尾関陽平は儚い恋に破れ、打ちひしがれ、寒い早春の日々を過ごしていた。

「もうアカンかもしれん。もう何にもする気が起きひん。」

「どないしたんやヨーヘイ先生。ははーん、また余計な恋をして、またまた恋に破れたな。どうせまたあそこの店のおねいちゃんやろ?だからアカンって言うたやん。」

「うう、当たってるから何も言い返せされへんのが悔しい。せやけど、今度こそ上手くいくと思ったんやけどなあ。」

陽平の友人であるヒデこと米谷秀哉とは、高校時代からの長い付き合いである。すでに三十の坂を半分登り終えた二人は、まだ共に独身であった。

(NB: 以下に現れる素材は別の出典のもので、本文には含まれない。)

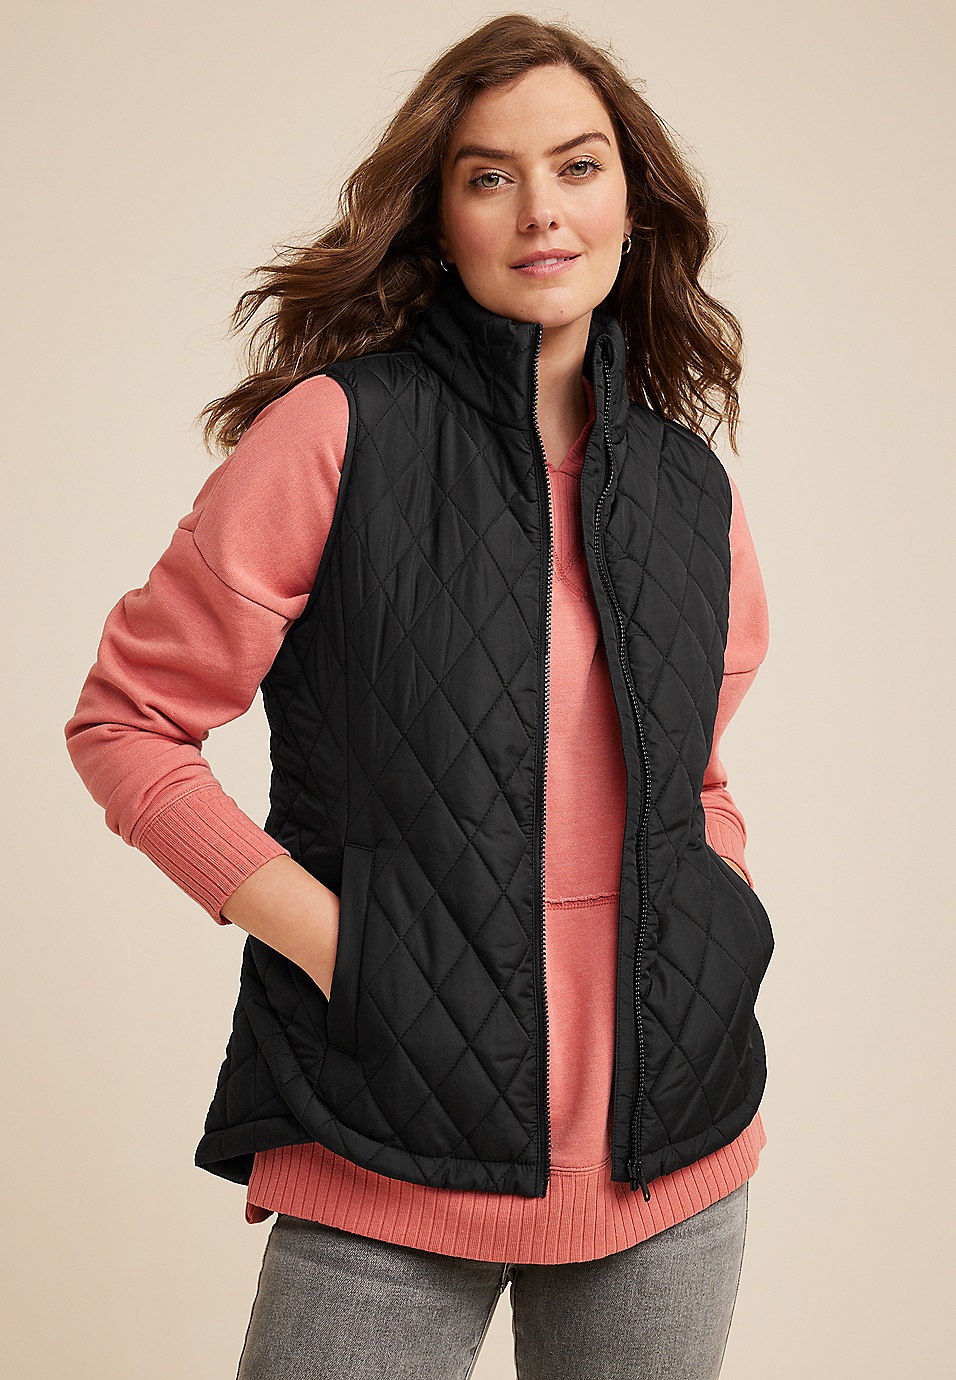 Maurices Women's Hooded Longline Puffer Coat

二人とも縁がなかったわけではない。陽平にも三十少し前に結婚のチャンスはあった。しかし、いわゆる元カノと一夜を過ごしてしまったのがばれてしまったために破談となった。

秀哉も同様にチャンスはあった。しかし、彼の風俗通いがばれてしまったために、これも破談と相成ったのである。

それぞれ理由は違えども、女性に対してのブレーキが相当緩い二人であることは間違いなかった。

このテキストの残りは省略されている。